Task objective: For the material below, reproduce exactly each line from the one that has "3D model Japanese" through the one that has "CE Certification Wholesale", and no others; pictures stay out.

Source data:
_ _ _
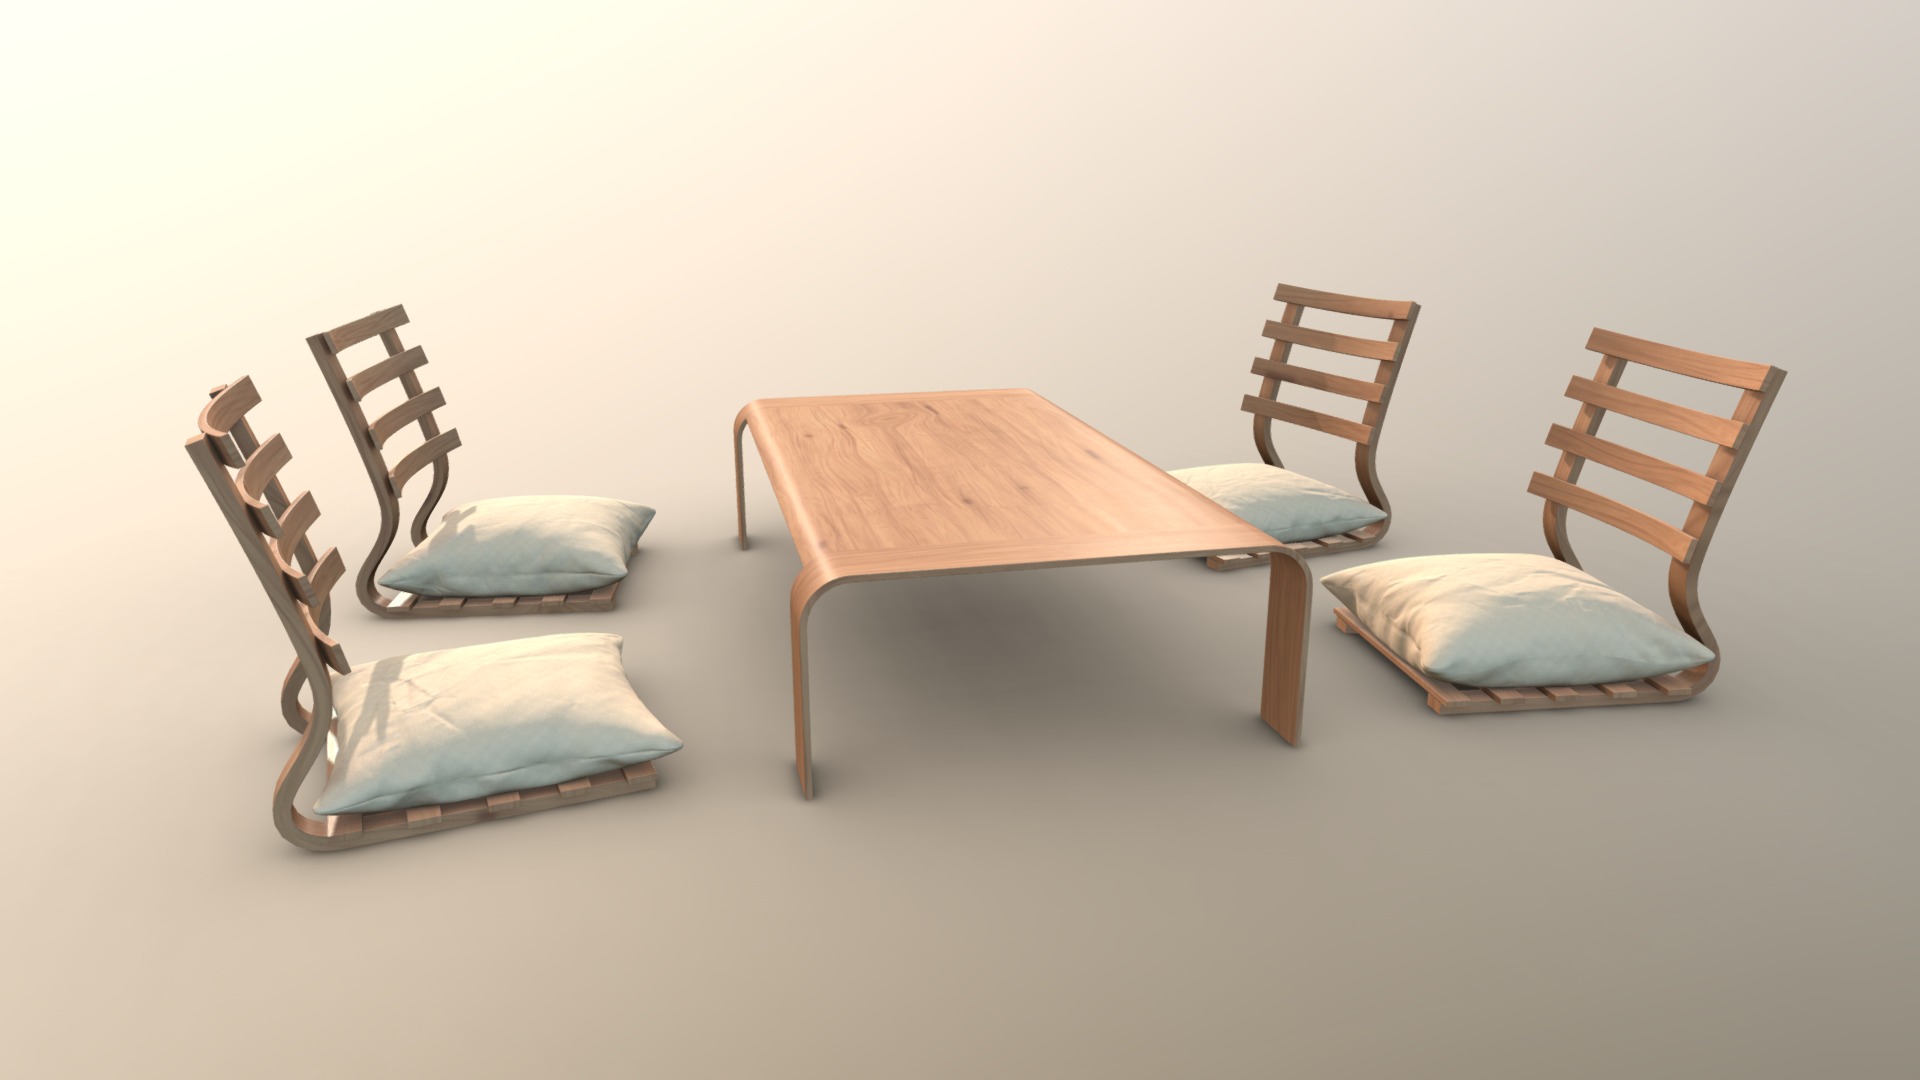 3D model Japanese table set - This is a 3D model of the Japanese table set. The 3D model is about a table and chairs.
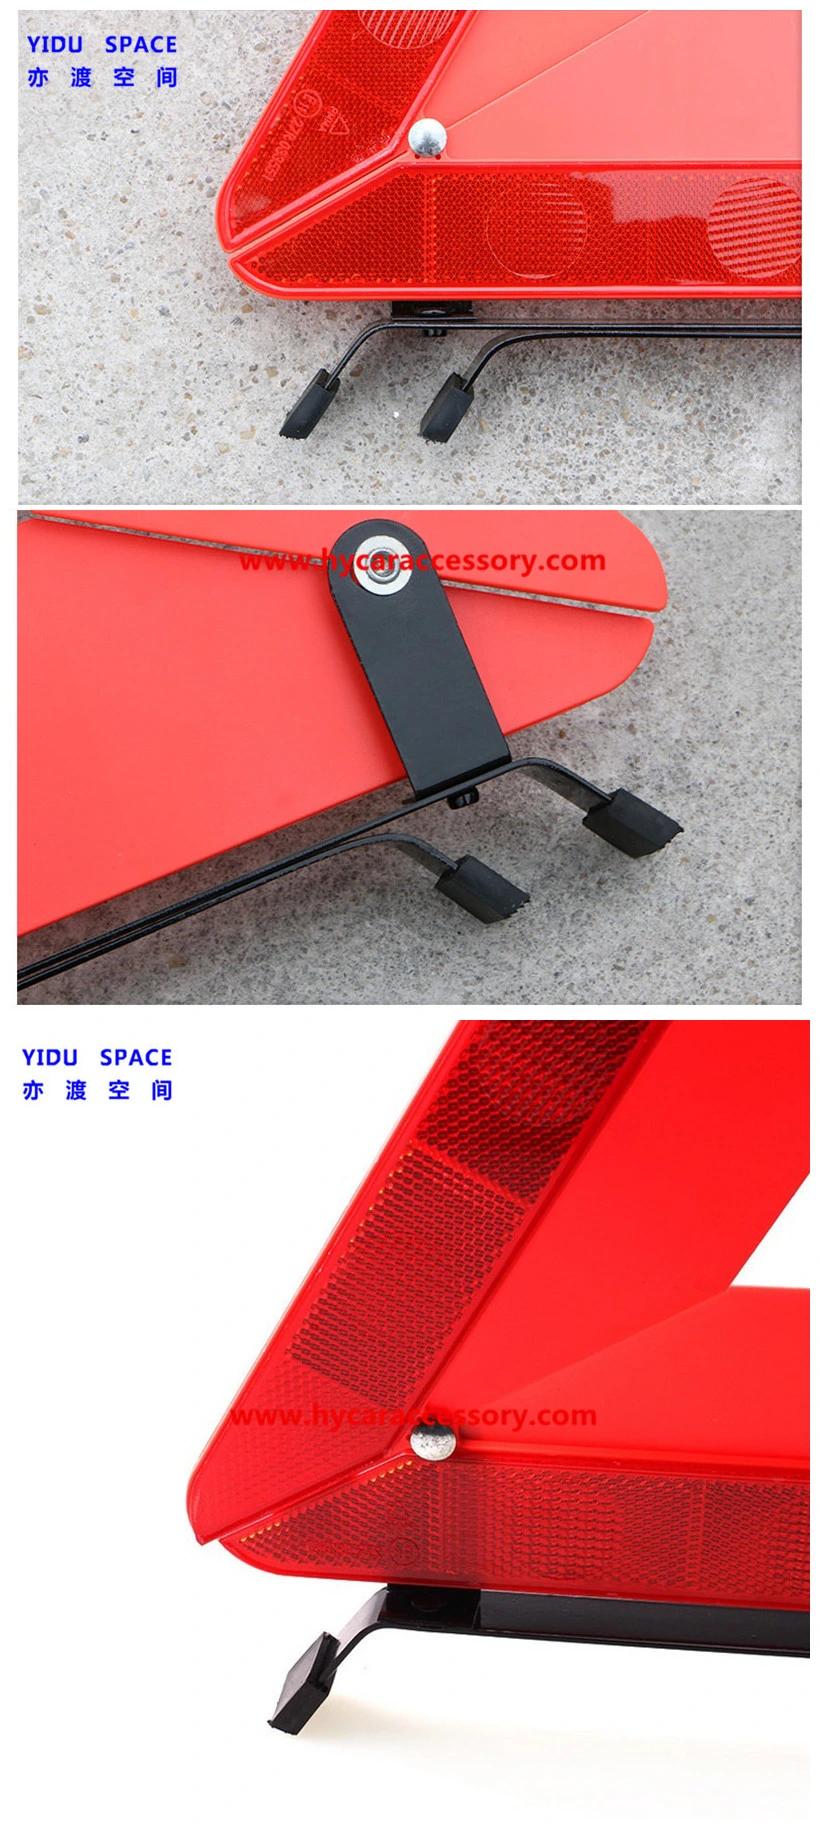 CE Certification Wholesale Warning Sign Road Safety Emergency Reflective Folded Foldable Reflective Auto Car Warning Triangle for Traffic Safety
_ _ _
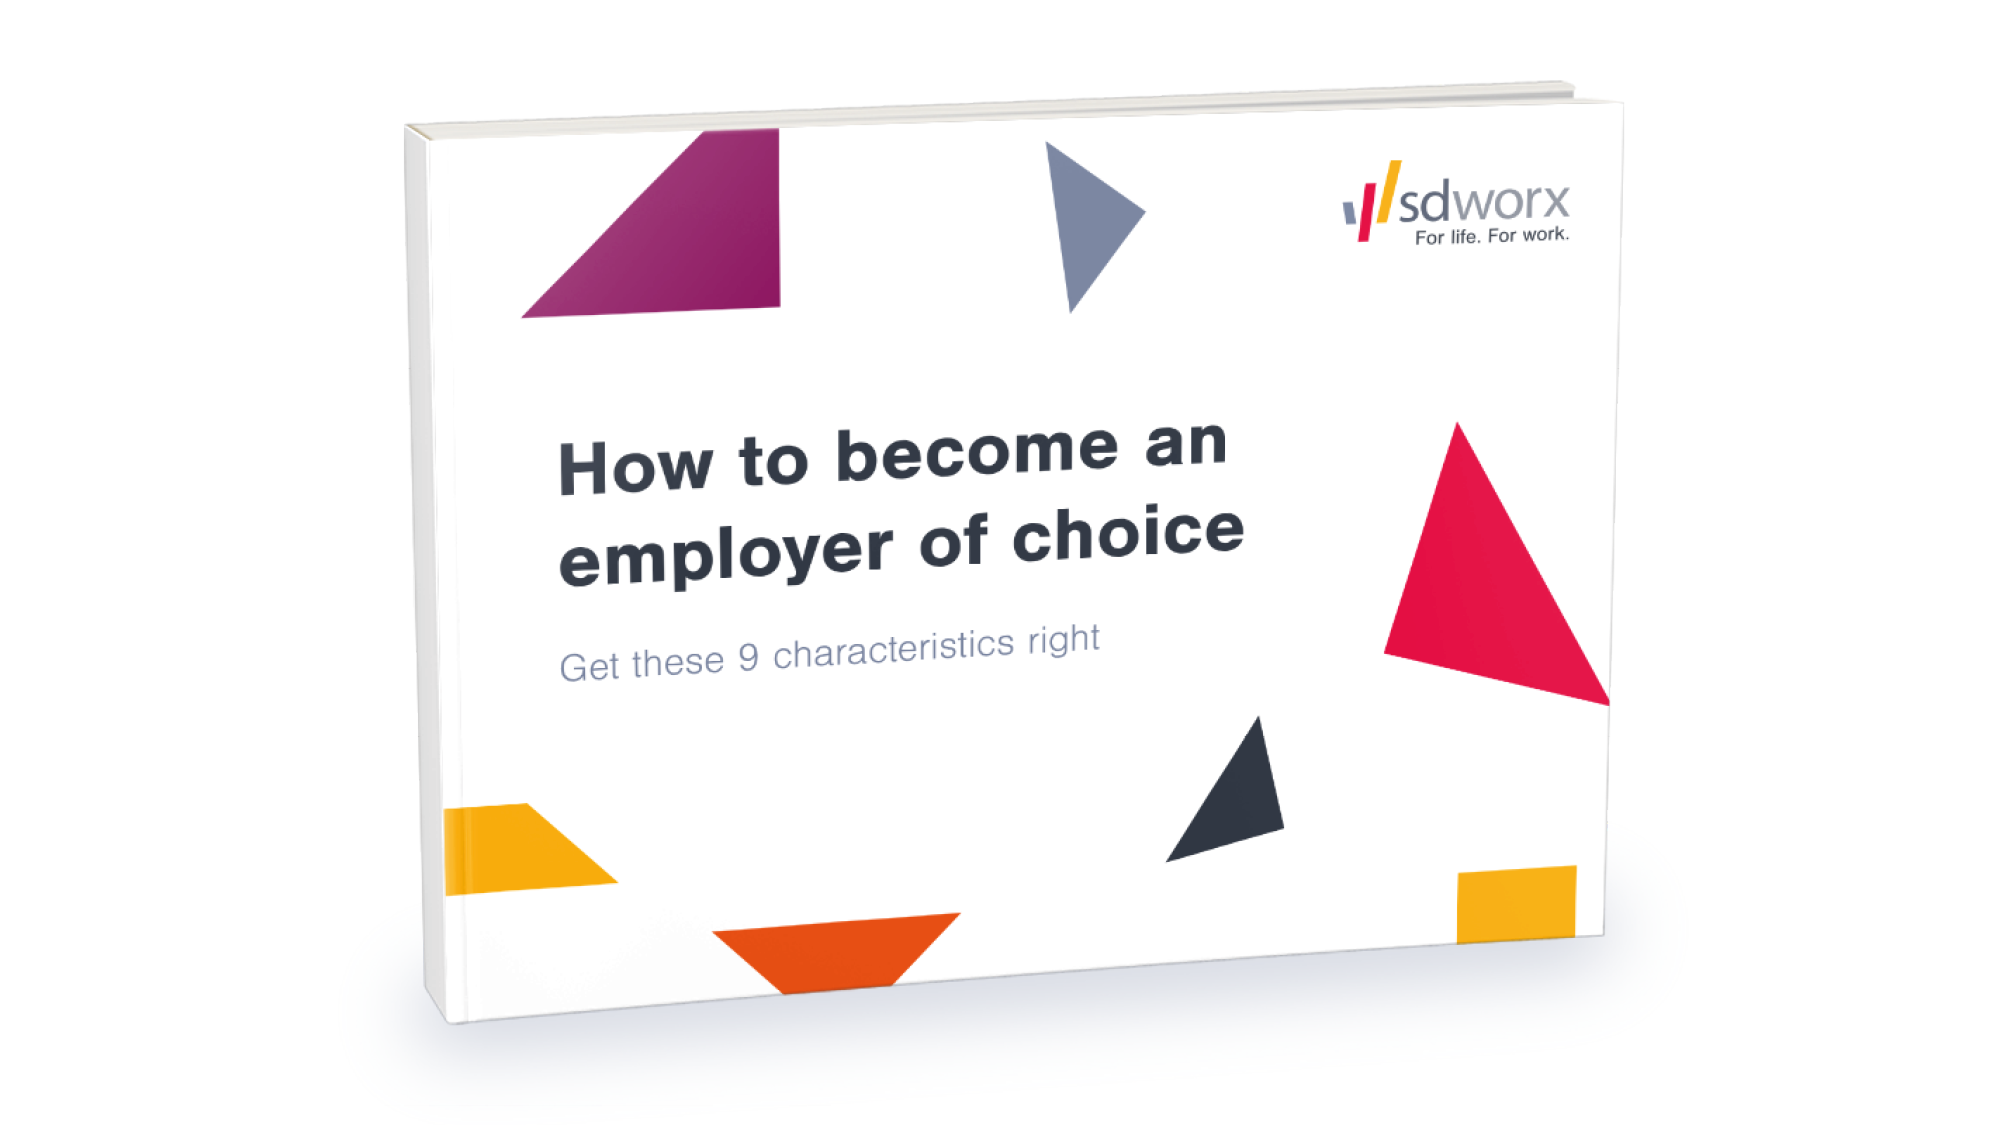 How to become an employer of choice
_ _ _
Completed task:
 3D model Japanese table set - This is a 3D model of the Japanese table set. The 3D model is about a table and chairs.
 CE Certification Wholesale Warning Sign Road Safety Emergency Reflective Folded Foldable Reflective Auto Car Warning Triangle for Traffic Safety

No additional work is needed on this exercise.